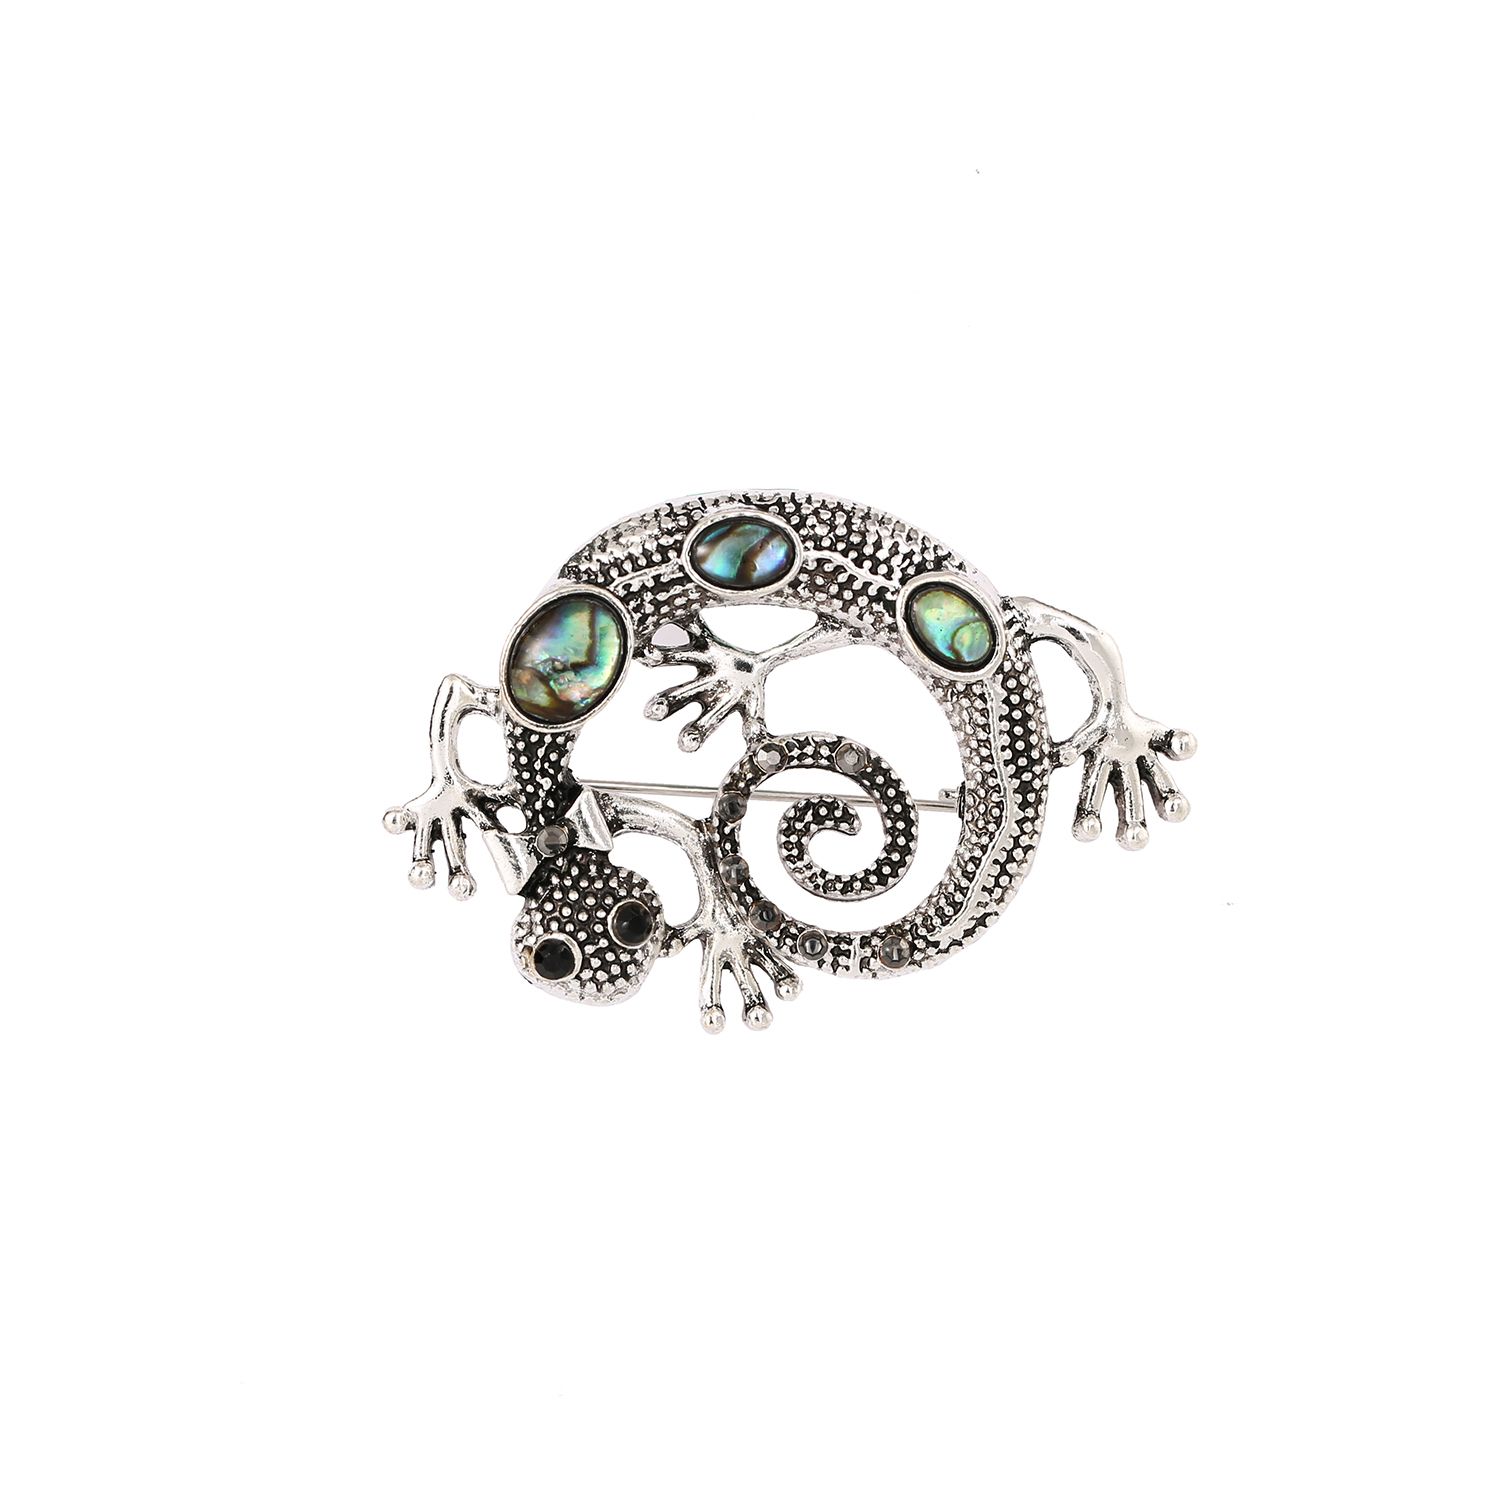 Custom lizard design fine jewelry brooch pin for women men
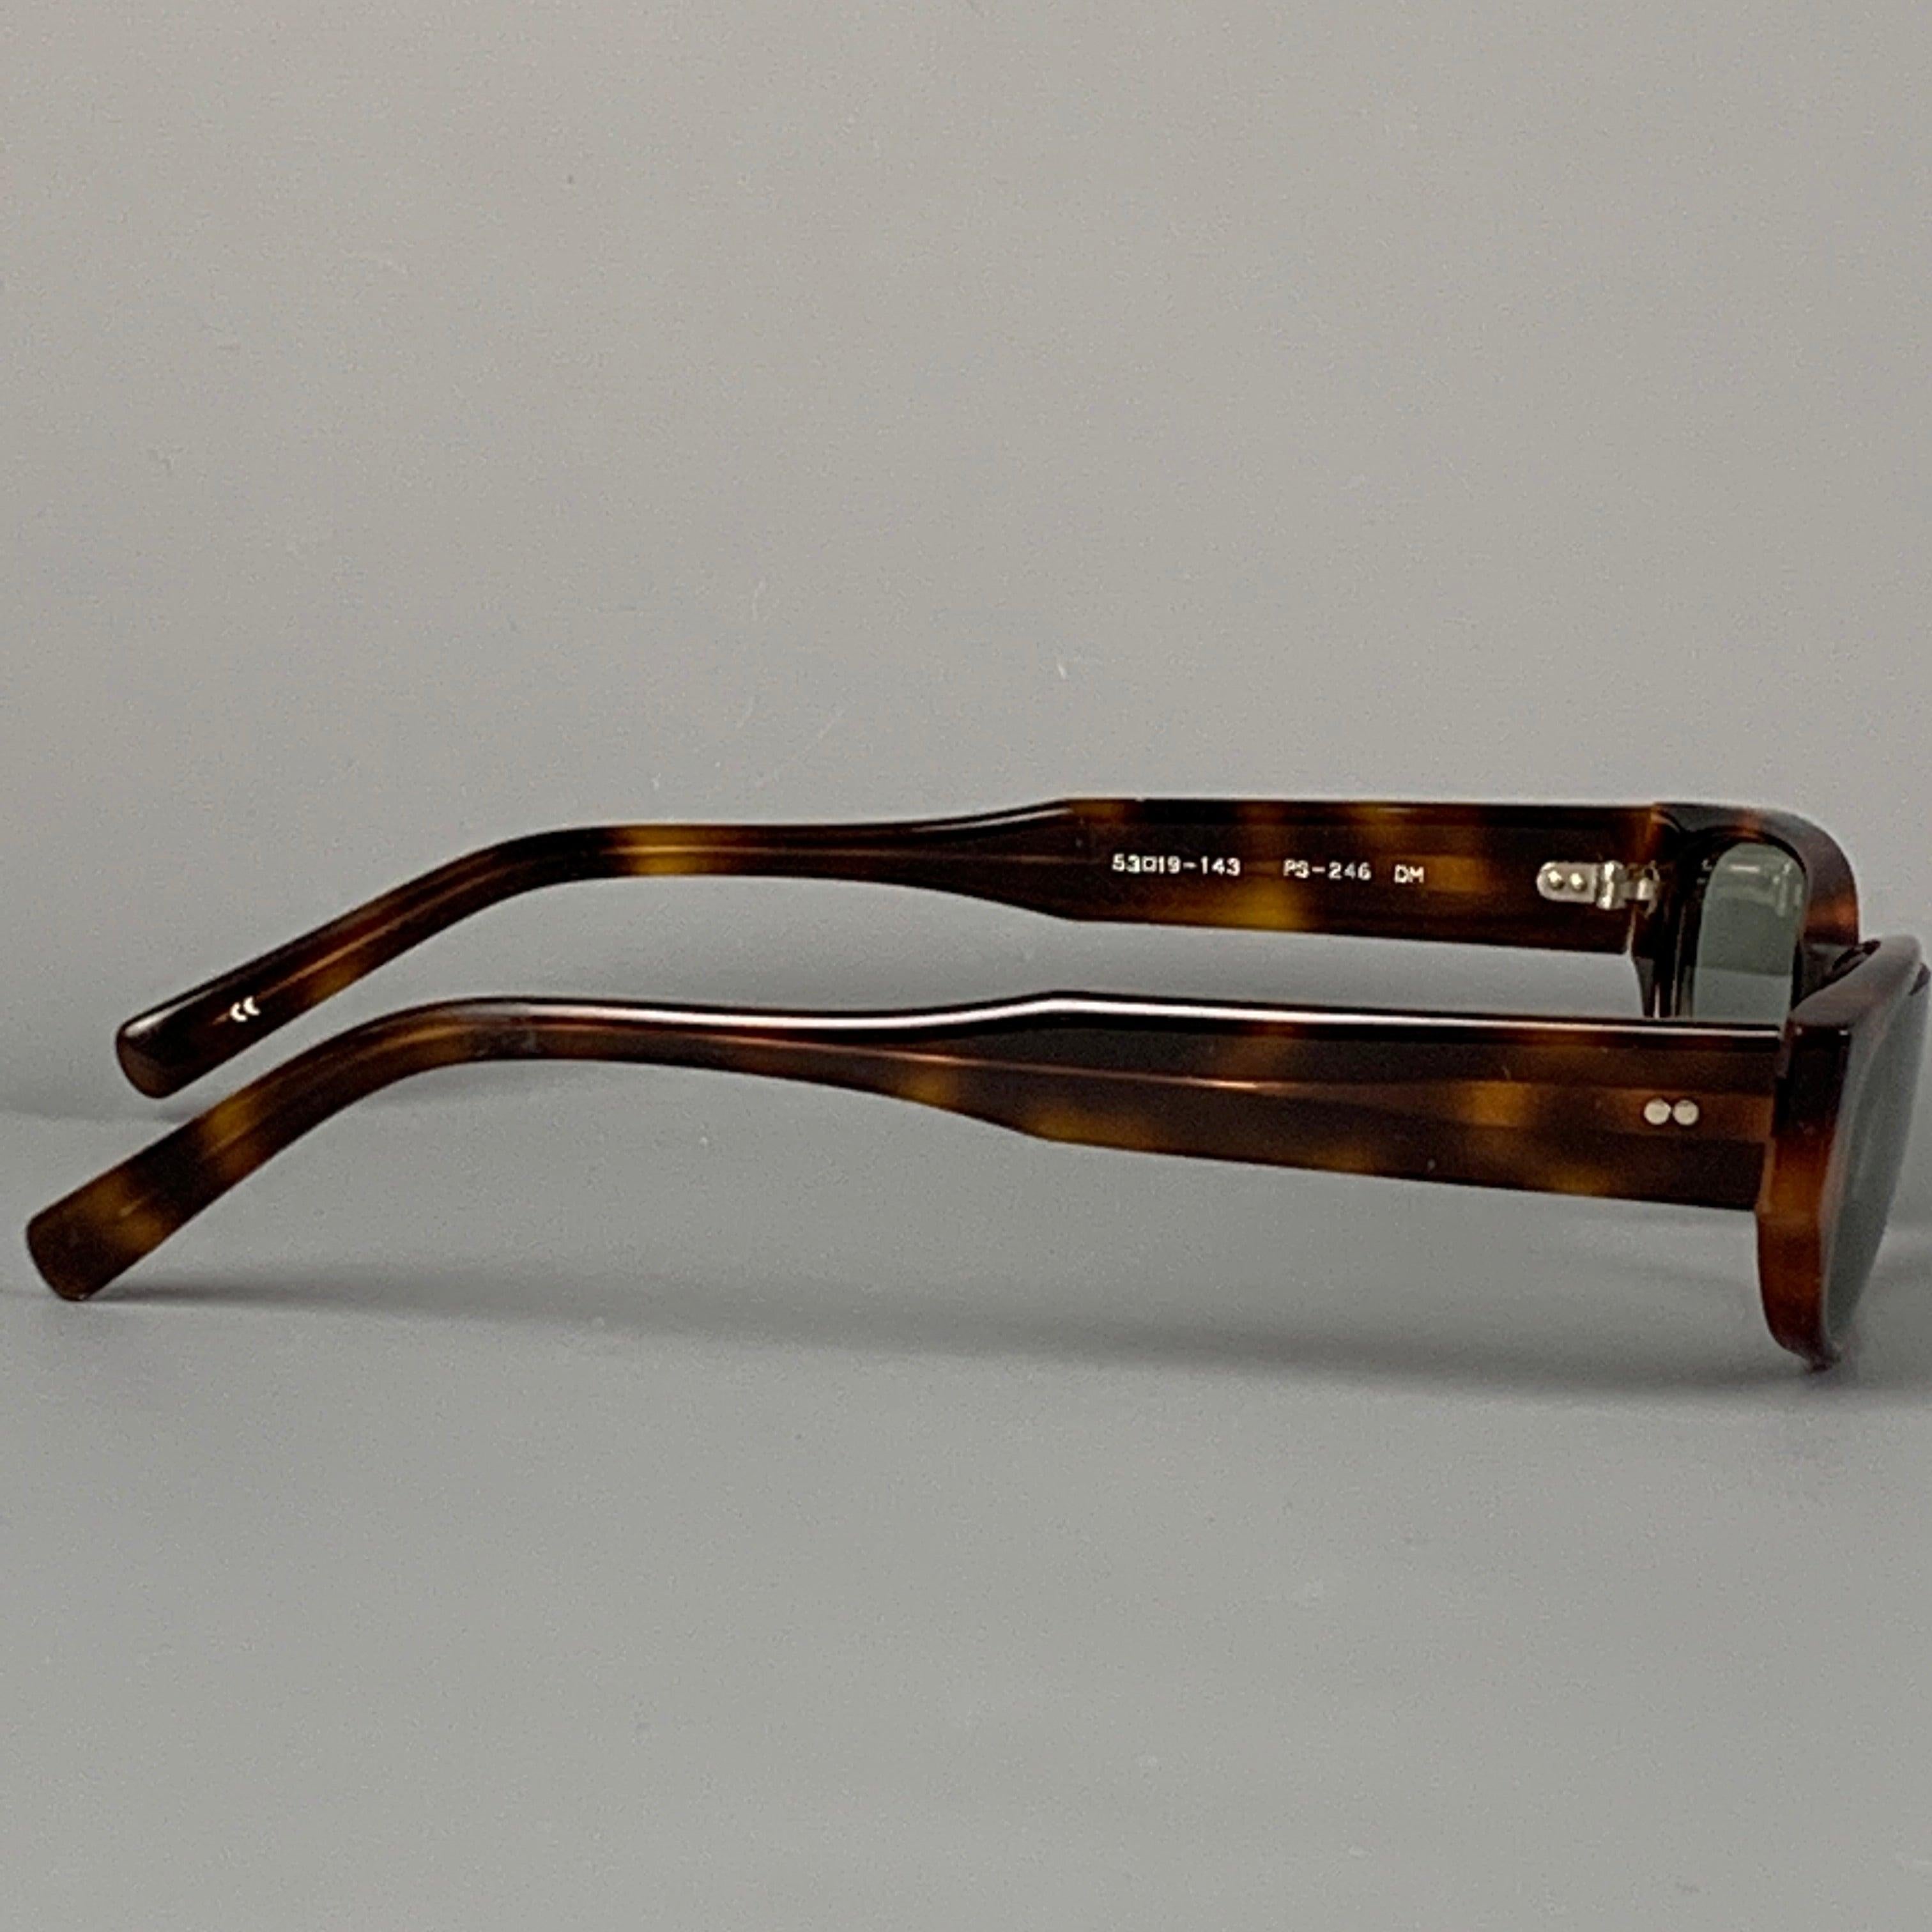 PAUL SMITH Sonnenbrille aus braunem Schildpatt-Acetat mit getönten Gläsern. Hergestellt in Japan.
Gut
Gebrauchtes Zustand. 

Markiert:   53-19-143 PS-246 DM  

Abmessungen: 
  Länge: 14 cm. Höhe: 3 cm.
  
  
 
Referenz: 81965
Kategorie:

-*-

• GOAL OF THE EXERCISE:
The expected answer is the listing above, duplicated exactly, with its pictures removed.

• WRITTEN SOLUTION:
 Custom lizard design fine jewelry brooch pin for women men
 PAUL SMITH Sonnenbrille aus braunem Schildpatt-Acetat mit getönten Gläsern. Hergestellt in Japan.
Gut
Gebrauchtes Zustand. 

Markiert:   53-19-143 PS-246 DM  

Abmessungen: 
  Länge: 14 cm. Höhe: 3 cm.
  
  
 
Referenz: 81965
Kategorie:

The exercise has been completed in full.